Jennifer took a step closer to him. “The Horizon Kids? Then why haven’t you reported that, turned them over to-”

“Several reasons. I want to keep them alive. Oscar Ruiz, Liz, Winiarsky and me.”

“Leaving them off somewhere that Syndek can-”

“Syndek didn’t kill Hal Larzon.”

“Of course they did. I-”

“Nope. I can prove that.”

“There’s no one else who could’ve done anything like that.”

“There are at least three people,” Smith told her. “Of those three, I’d vote for Benton Arloff, since-”

“Yes, I see.” She swung out across the darkness between them, slapping him, hard, across the cheek. “You go into business for yourself, betray mother and me and then try to frame my husband for-”

“Jennifer, it isn’t Syndek and it’s not the Trinidad Law Bureau,” he said evenly. “Now, if your husband could make you all believe that somebody like Syndek was out to trap the secret holders and kill them, he-”

“We already had Larzon’s part, before he was killed. So what-”

“He could eventually kill some of the Kids you hadn’t reached yet, after he got what he needed,” said Smith. “And, most likely, once he’d established the idea that the opposition wasn’t above killing, I was the most obvious candidate for that. Actually, I’m not sure he wasn’t figuring to kill all of us. That way he’d have the information and there’d be no way for you to get it. To get the transmutation process all to himself-”

“How’d you find out what the secret was?”

“I’m an investigator, remember. I find out things.”

Jennifer shook her head. “You’re wrong,” she said. “We’ll go down to Horizon House right now, talk to Benton. He’ll convince you.”

“No need for that, love,” said the tall, thickset man who stepped from behind a slice of ruined temple wall. Even in the new night they could see the silver kilgun in his right hand.

“Benton, why did you follow me?”

“Because, darling,” answered her husband, “your old buddy Smith is right about me.”

CHAPTER 27

Jennifer watched her husband walking toward them. “Benton, I don’t understand-”

“No doubt Smith does.”

Smith said, “All is better than a third.”

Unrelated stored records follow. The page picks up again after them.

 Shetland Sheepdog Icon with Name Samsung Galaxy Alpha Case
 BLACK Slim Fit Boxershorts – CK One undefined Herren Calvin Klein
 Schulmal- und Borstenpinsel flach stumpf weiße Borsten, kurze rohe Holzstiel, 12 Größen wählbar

“Exactly,” said Arloff, smiling at them both.

“But we…love each other.”

“Later on, love, we can talk about it,” her husband said. “Right now, though, I’m going to deprive you of Smith’s company.”

“You didn’t kill Hal Larzon,” she said, unsure.

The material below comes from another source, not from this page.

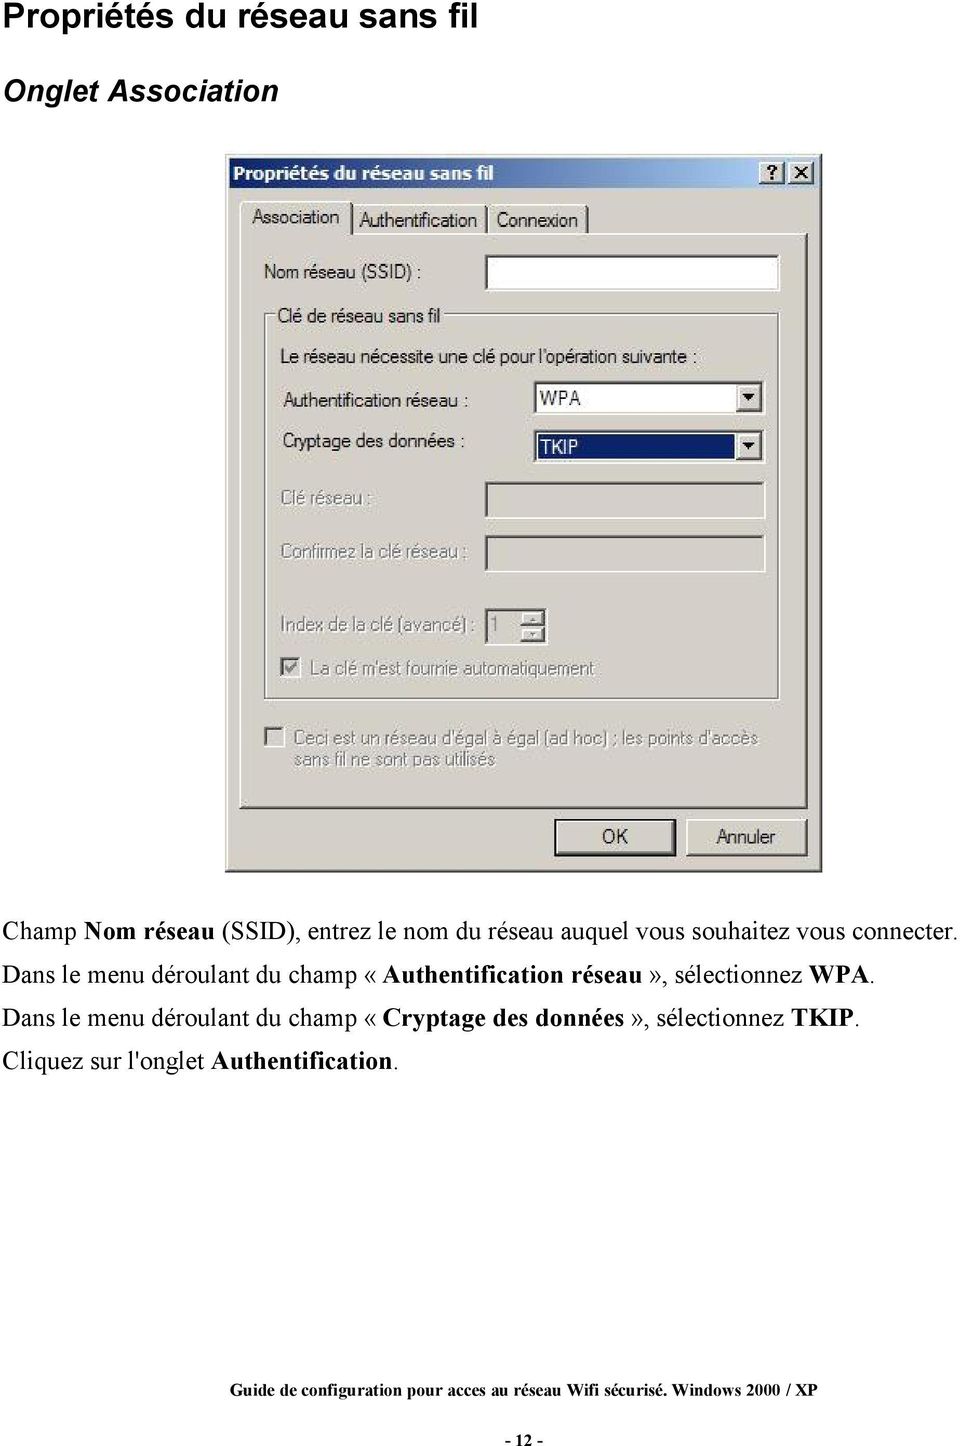 Dans le menu déroulant du champ «Authentification réseau», sélectionnez WPA.

“I did, yes. And for the very reason your clever former beau mentioned.” He gestured at Smith with the kilgun. “I’ll have to take you someplace where I can persuade you to tell me where the others are.”

“I doubt you can accomplish that, Arloff.”

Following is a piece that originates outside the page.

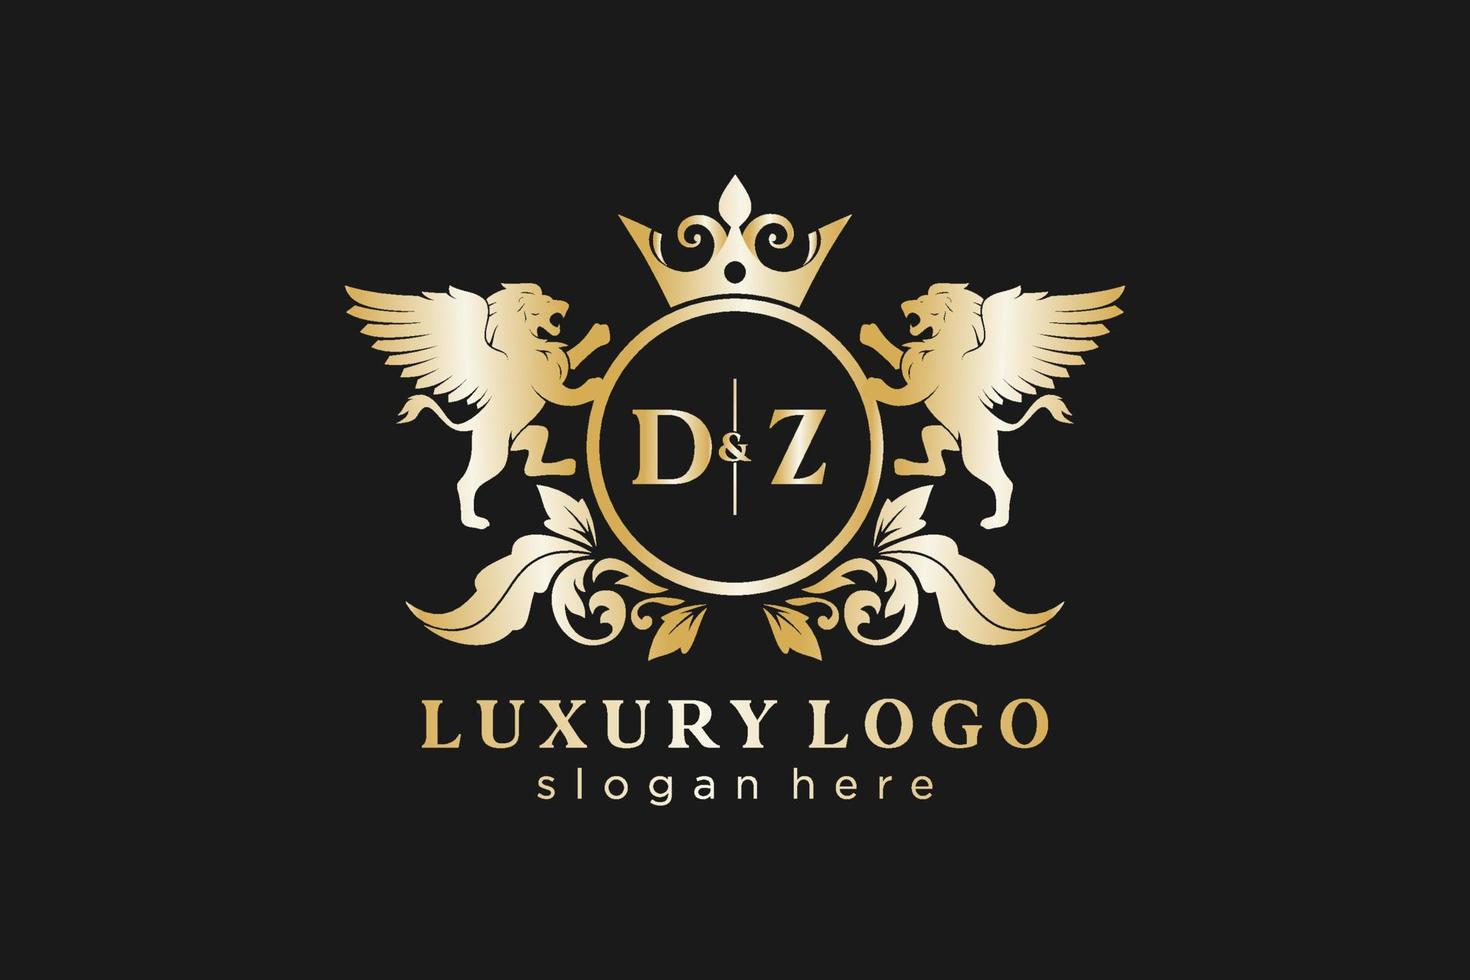 Initial dz Letter Lion Royal Luxury Logo Vorlage in Vektorgrafiken für Restaurant, Lizenzgebühren, Boutique, Café, Hotel, Heraldik, Schmuck, Mode und andere Vektorillustrationen. vektor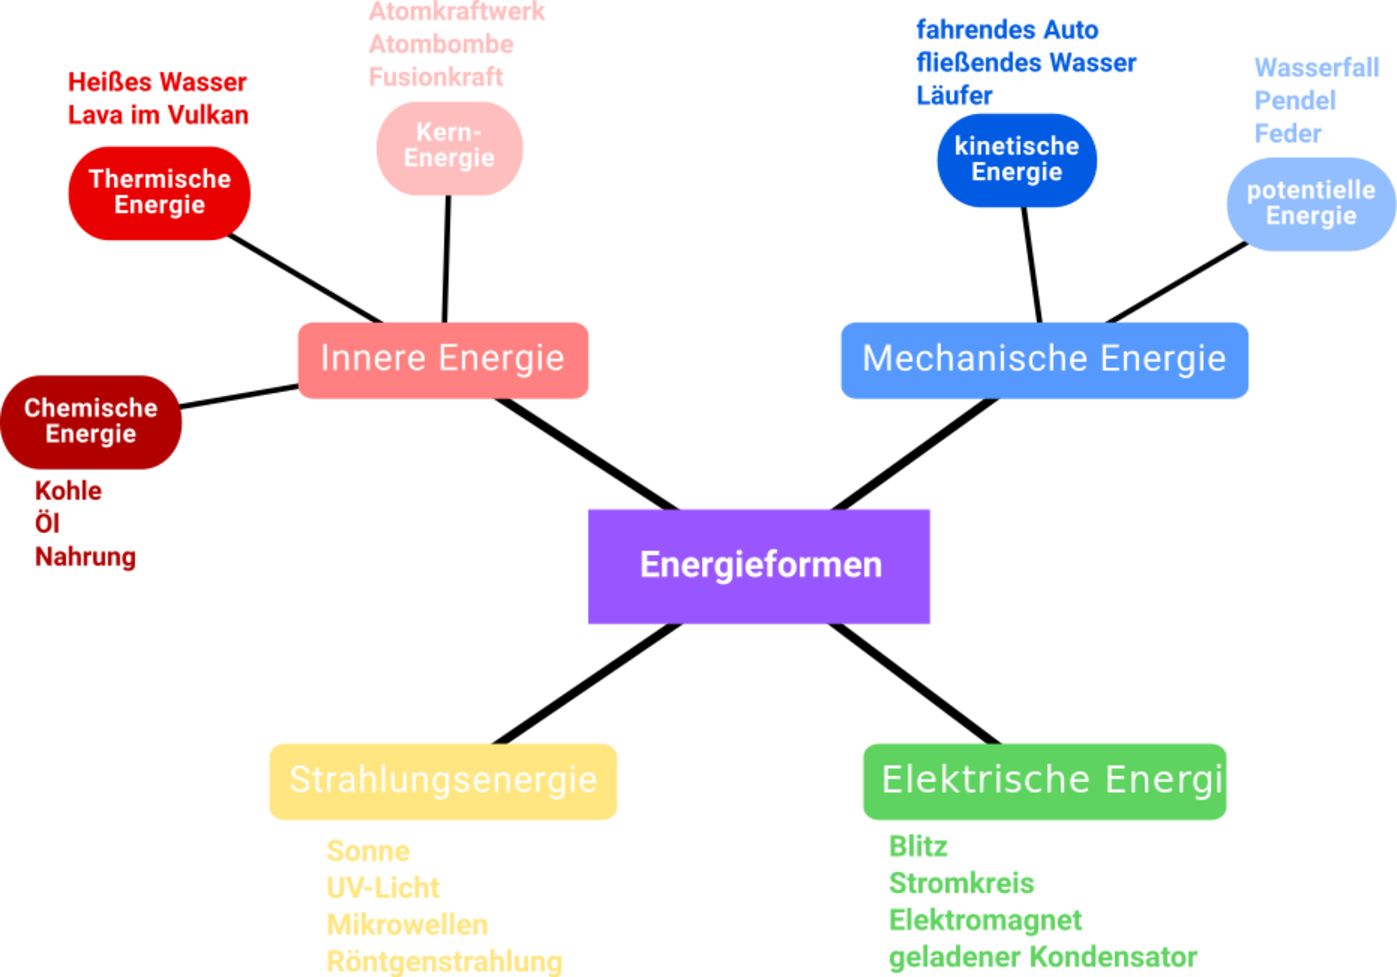 Energieumsatz bei chemischen Reaktionen/Energie aus physikalischer

Arloff laughed. “Oh, there’s not a doubt in my mind,” he said. “After that, and after I’ve gathered in the last bits of the puzzle, then I’ll see about arranging some accidents and disappearances for you Horizon Kids.”

Jennifer said quietly, “You aren’t going to kill him, Benton.”

“You actually, darling, don’t have a hell of a lot of say in the matter.”

“Benton,” she said, even more quietly.

That made him turn toward her. “Really now, Jenny.”

She’d taken a small kilgun from the pocket of her jacket. It was aimed at her husband. “You’d just,” she said, “better go away from here.”

Laughing again, he started easing to her. “I know you, love,” he said. “You can’t shoot me, no matter what you think or feel.”

“I won’t let you kill Jared.”

“You will because…oof.”

Smith had leaped at the distracted Arloff.

The doves went flapping up into the darkness.

As the two men fell Smith got a grip on Arloff’s gun-wrist. They rolled and tumbled on the stone temple floor.

Grunting, Arloff tried to knee him in the groin. Smith twisted, avoided that.

The thickset man strained, struggling to regain control of the kilgun. Smith was forced to let go of his wrist for a second, then caught it again.

In that instant the gun went off, sending a thin line of crackling crimson light slicing across the night.

Arloff made a terrible keening sound when the beam touched him. His face began to smoke and go black. Stumbling back and away, Smith stood.